Sneaky Long Parameters, Hiding in the Hashes

Posted by Ian Whitney on February 19, 2015

Sneaky Long Parameters, hiding in the Hashes

First off, welcome to all new readers. Enough of you have joined in the past two weeks that I feel I should restate the central premise of this whole endeavor: I have no idea what I’m doing. I talked about this in an earlier newsletter about practice, should you want to read more about how I am dumb.

That done, let’s get into the next code smell from Fowler & Beck’s list: Long Parameter List.

Long parameter lists are hard to understand, because they become inconsistent and difficult to use, and because you are forever changing them as you need more data.

Honestly, I think this is largely accepted as a given. At least in the Ruby community.
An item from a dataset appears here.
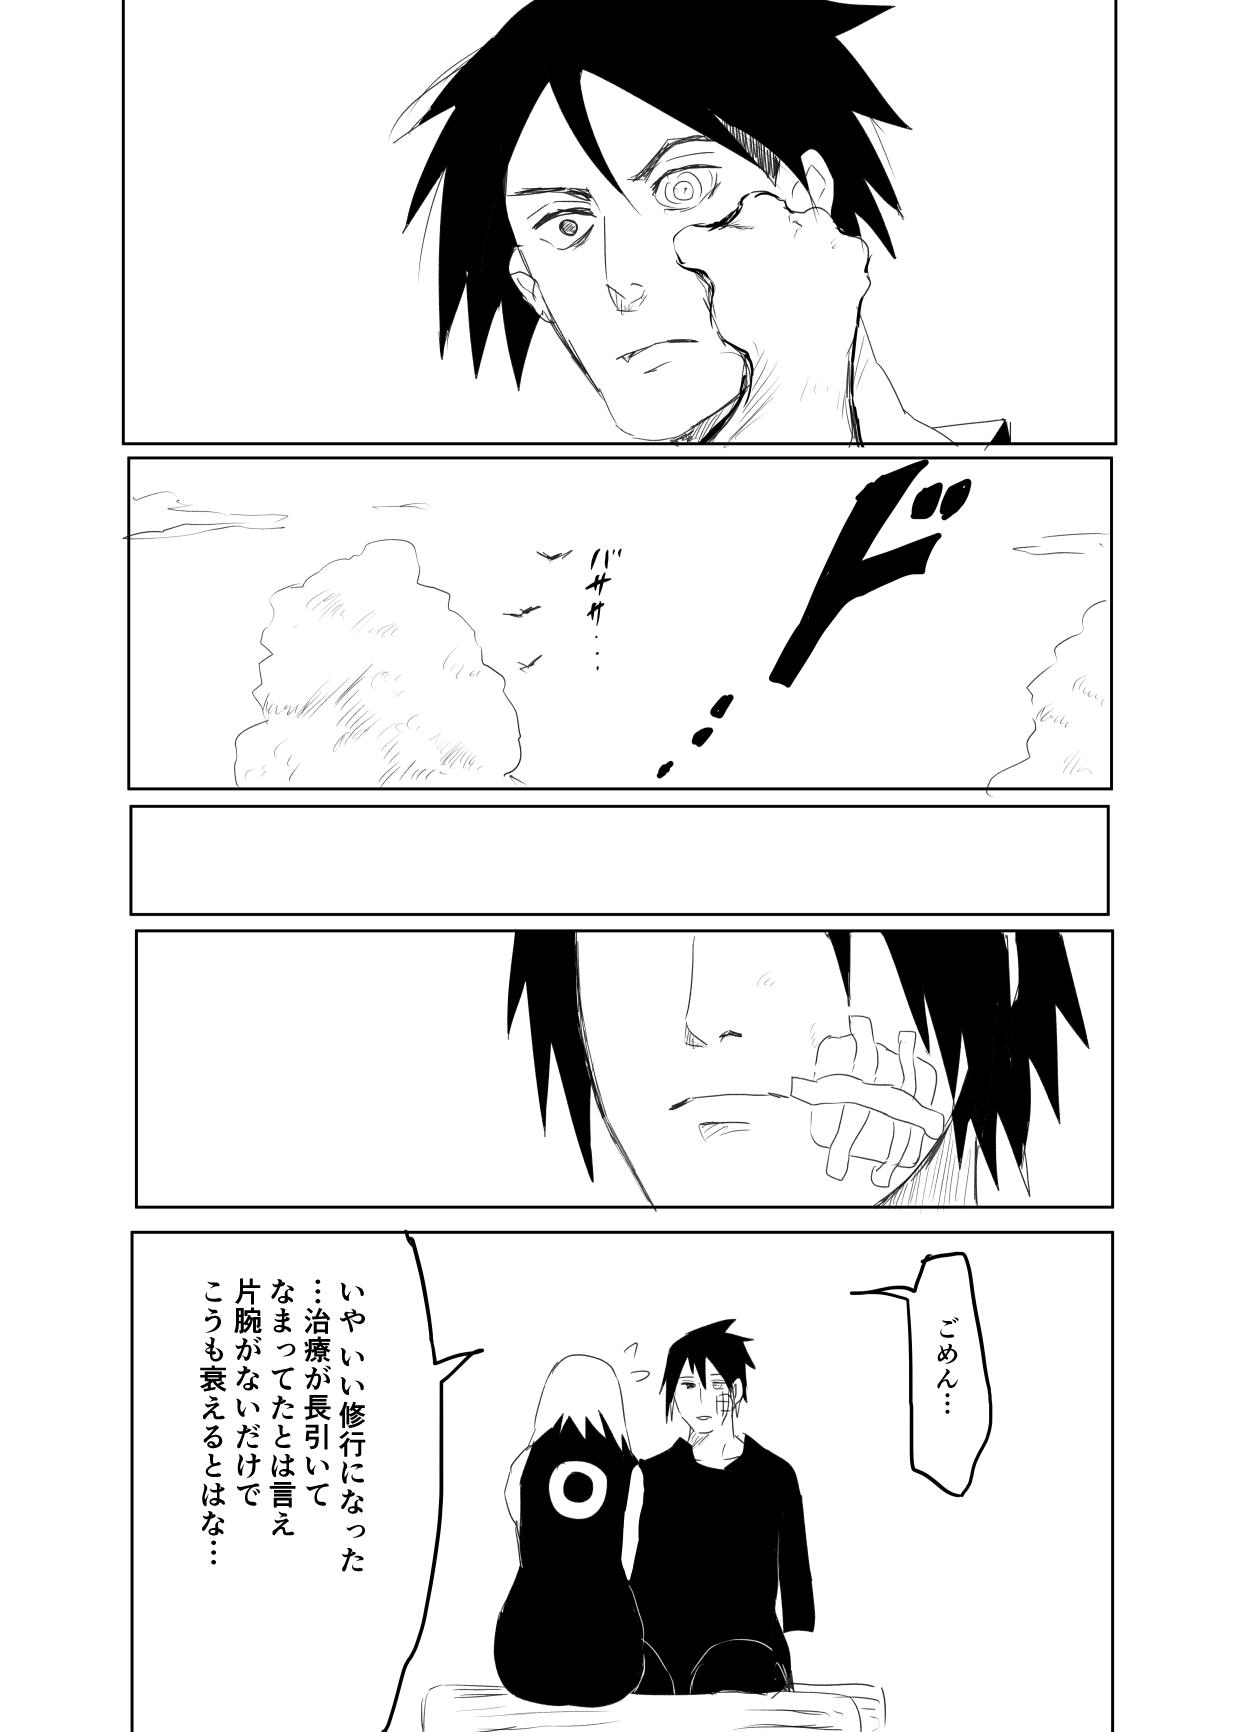 嘘告白漫画 19

This is driven by testing, I suspect. Brittle tests that require extensive changes every time you change the parameters in your method? No thanks! I only rarely see methods with an arity greater than 3.

In fact, I see a lot of methods with an arity of 1 or 2. They look like this

def be_awesome(options = {})
  foo = options[:bar]
  baz = options.fetch(:bat, false)
  #... etc, for many many lines
end

Who knows how many parameters are hiding in options. Yes, even with arity 1 a method can still have Long Parameter List. Yes, using a hash saves you the trouble of remembering the exact order of your parameters. And it lets you choose what to do with missing parameters. But on the other hand, a hash isn’t that different from an elevator in a spooky story – there’s always room for one more.

And each parameter you stick in there is totally hidden. I can’t look at the signature for that method and tell what parameters are required, which are optional or even what’s allowed. And the complexity only increases if your method accepts two parameter hashes.

Long Parameter List usually points to an unidentified collaborator. If you haven’t looked at this week’s Design is Refactoring post, the final code solution shows one fix to this problem: extract those parameters out to to an object. I only went so far as extracting out the configuration to an OpenStruct, but you could go as far as moving config into its own independent class. You probably should, since OpenStruct responds to everything, which sometimes introduces weird surprises.

My approach most closely matches the Introduce Parameter Object pattern in Refactoring (p. 295). I took all of the parameters, bundled them into their own object and simply passed the object to the method. But that’s not the only way to solve the problem. I could have solved my beer problem this way:

class BeerSong < SimpleDelegator
  def initialize
    __setobj__ (SongFactory.build(self))
  end

  def max_bottles
    99
  end

  def min_bottles
    0
  end
  #...and so on
end

This approach is the Preserve Whole Object pattern (p. 288). Instead of passing in a new object with the parameter methods, I’ve added the parameter methods to myself and can just pass myself in.

There’s even a third fix to Long Parameter List, Replace Parameter with Method (p. 292). If my BeerSong code did:

class BeerSong
  def initialize
    SongFactory.new(self, drink_name)
  end

  def drink_name
    self.class.to_s.sub("Song","")
  end
end

class SongFactory
  def initialize(song, drink_name)
    @song = song
    @drink_name = drink_name
  end
end

There’s no good reason to pass drink_name as a parameter. In Replace Parameter with Method, we’d change the code to:

class BeerSong
  def initialize
    SongFactory.new(self)
  end
end

class SongFactory
  def initialize(song)
    @song = song
    @drink_name = @song.drink_name
  end
end

Short parameter lists! Good for you, good for your code, good for anyone who has to work with your code. Think about it, won’t you?

Links?

Nope. I wish I had exciting links for you this week, but I do not. I think 3 different plagues have visited my house in the last week, so I have not been finding the fun links that I normally would.